Maps can provide a rich variety of information, including but not limited to location, distance, and direction as well as pattern for maps displaying point or area data. Each type of data means different things to different users.

  • Location is arguably the most important of all the types of information to be represented on, or gleaned from, a map from the perspective of a crime analyst. Where things have happened, or may happen in the future, is the most sought after and potentially useful piece of information because it has so many implications for investigators and for the allocation of patrol and community resources, in addition to utility in the realms of planning and politics.

  • Distance is not much use as an abstract piece of information. It comes to life when translated into some kind of relationship: How far did the victim live from the place where she was robbed? What is the maximum distance police cars can travel within a specific urban environment to provide acceptable response times? How far could a suspect have gone in a particular time period?

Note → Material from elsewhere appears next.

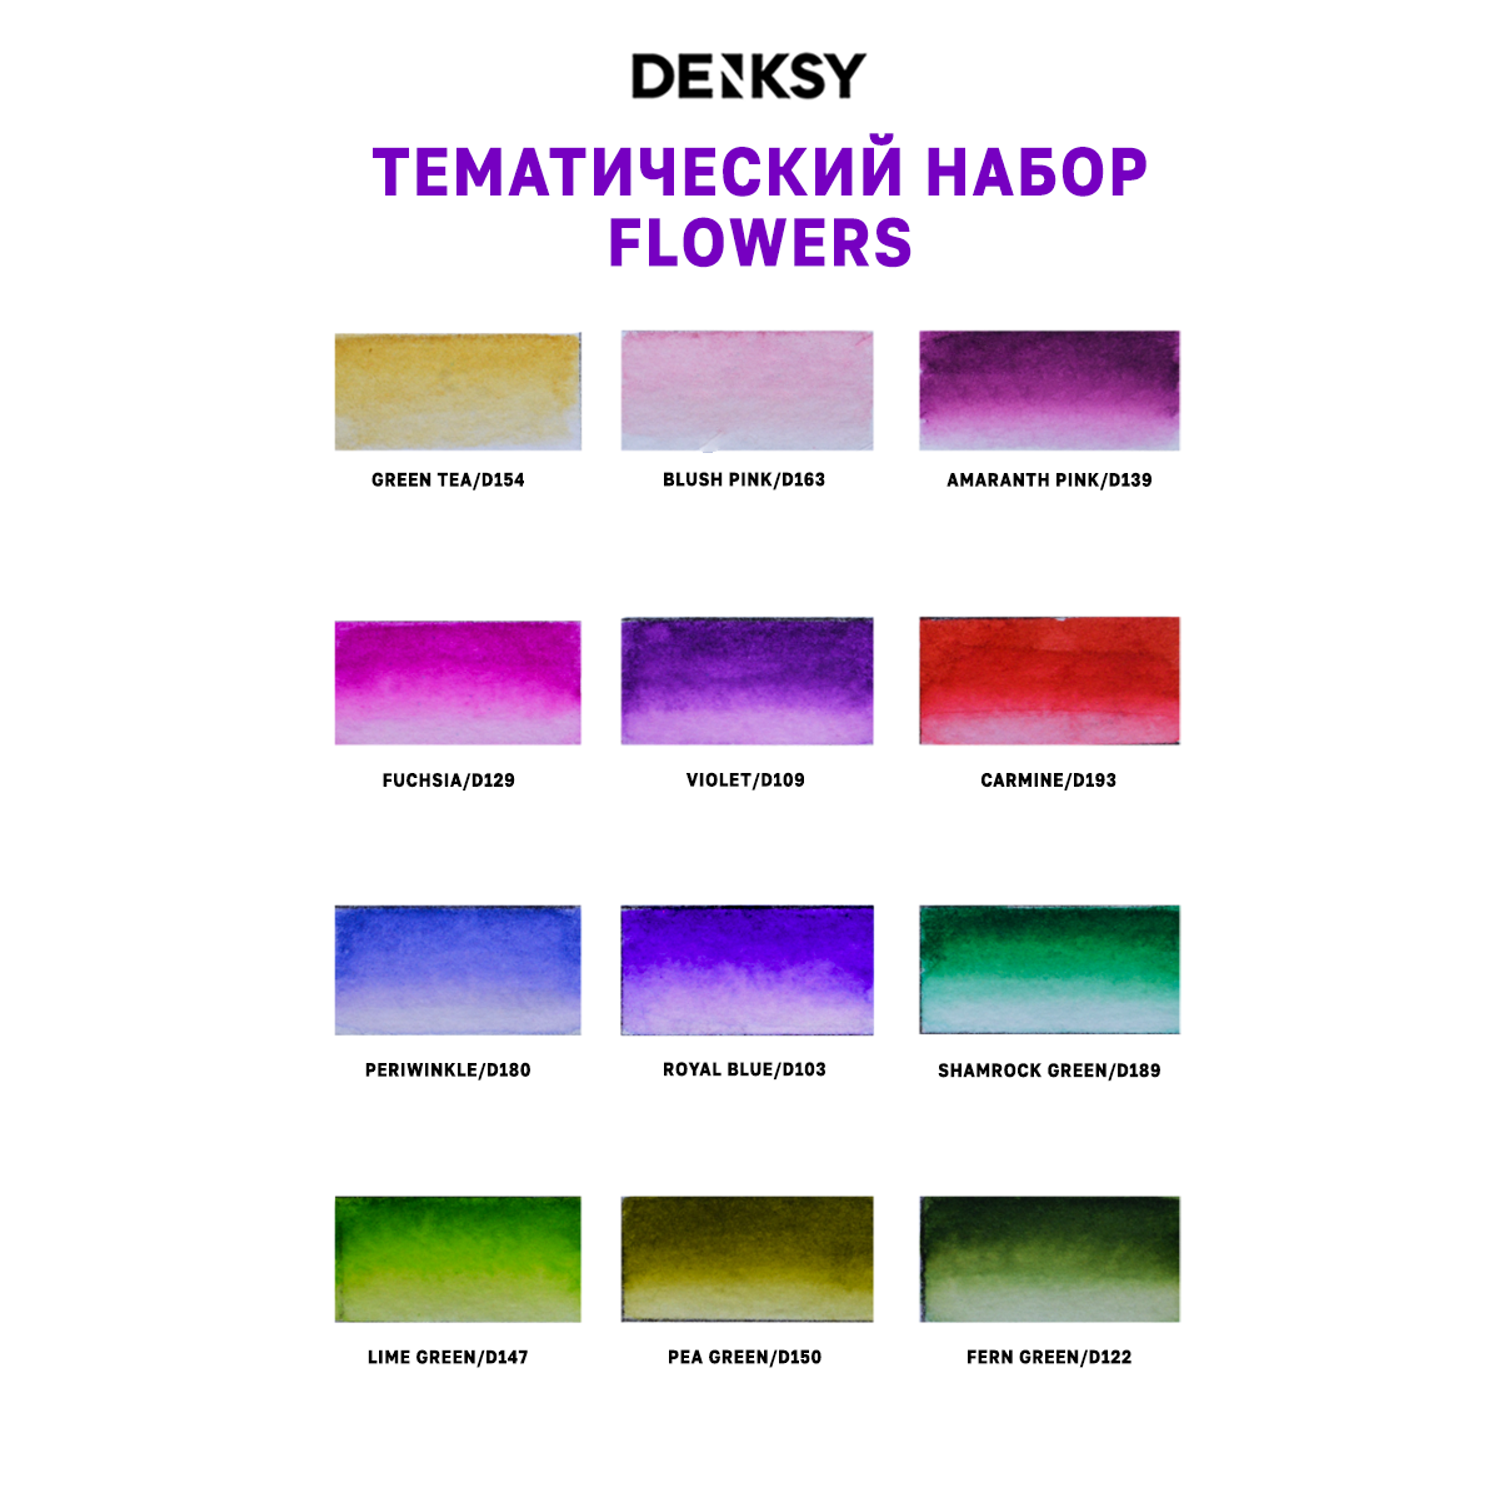 Акварельные маркеры DENKSY 12 Flowers цветов в черном корпусе и 1 кисть с резервуаром - фото 3

  • Direction is most useful when considered in conjunction with distance, although it is not typically an important piece of map information in crime analysis unless it relates to other relevant processes or conditions. It is generally used in a broadly descriptive context, such as "the hot spot of burglaries is spreading to the west," or "serial robberies are moving southeast," or "the east side is becoming a high-crime area." In the example shown in figure 1.12, serial robbers were found to have a tendency to migrate south from Baltimore along the major highways.

    Figure 12

  • Pattern is an especially useful concept in crime analysis, as so much of what crime analysts do involves describing or analyzing the pattern of crime occurrences. Pattern can be a powerful investigative tool because the way points are arranged may tell us something about the process driving that arrangement. Patterns are usually classified as random, uniform, clustered, or dispersed. In a random arrangement, points are just as likely to be at any place on the map as at any other. Points are distributed haphazardly around the map. A uniform distribution has points that are equally spaced. Alternatively, we can say that in a uniform distribution the distance between neighboring points is maximized. In a clustered pattern, points are clumped together with substantial empty areas.

It is tempting to assume that the nonrandom distributions (uniform and clustered) automatically mean that some interesting underlying process is at work, providing useful information about crime. This may or may not be true. For example, burglaries show up in a cluster, suggesting a hot spot. But further investigation shows that the cluster corresponds to a neighborhood with a dense population, so the high frequency is no more than an expression of the geography of risk. The terms describing the types of patterns are subject to some semantic confusion. For example, what does dispersed mean? A dispersed pattern could be random or uniform. Is "less dispersed" the same as "clustered"? Various indexes have been developed to measure regularity, randomness, and dispersion. For additional reading, see, for example, Taylor (1977, chapter 4) and Hammond and McCullagh (1974, chapter 2).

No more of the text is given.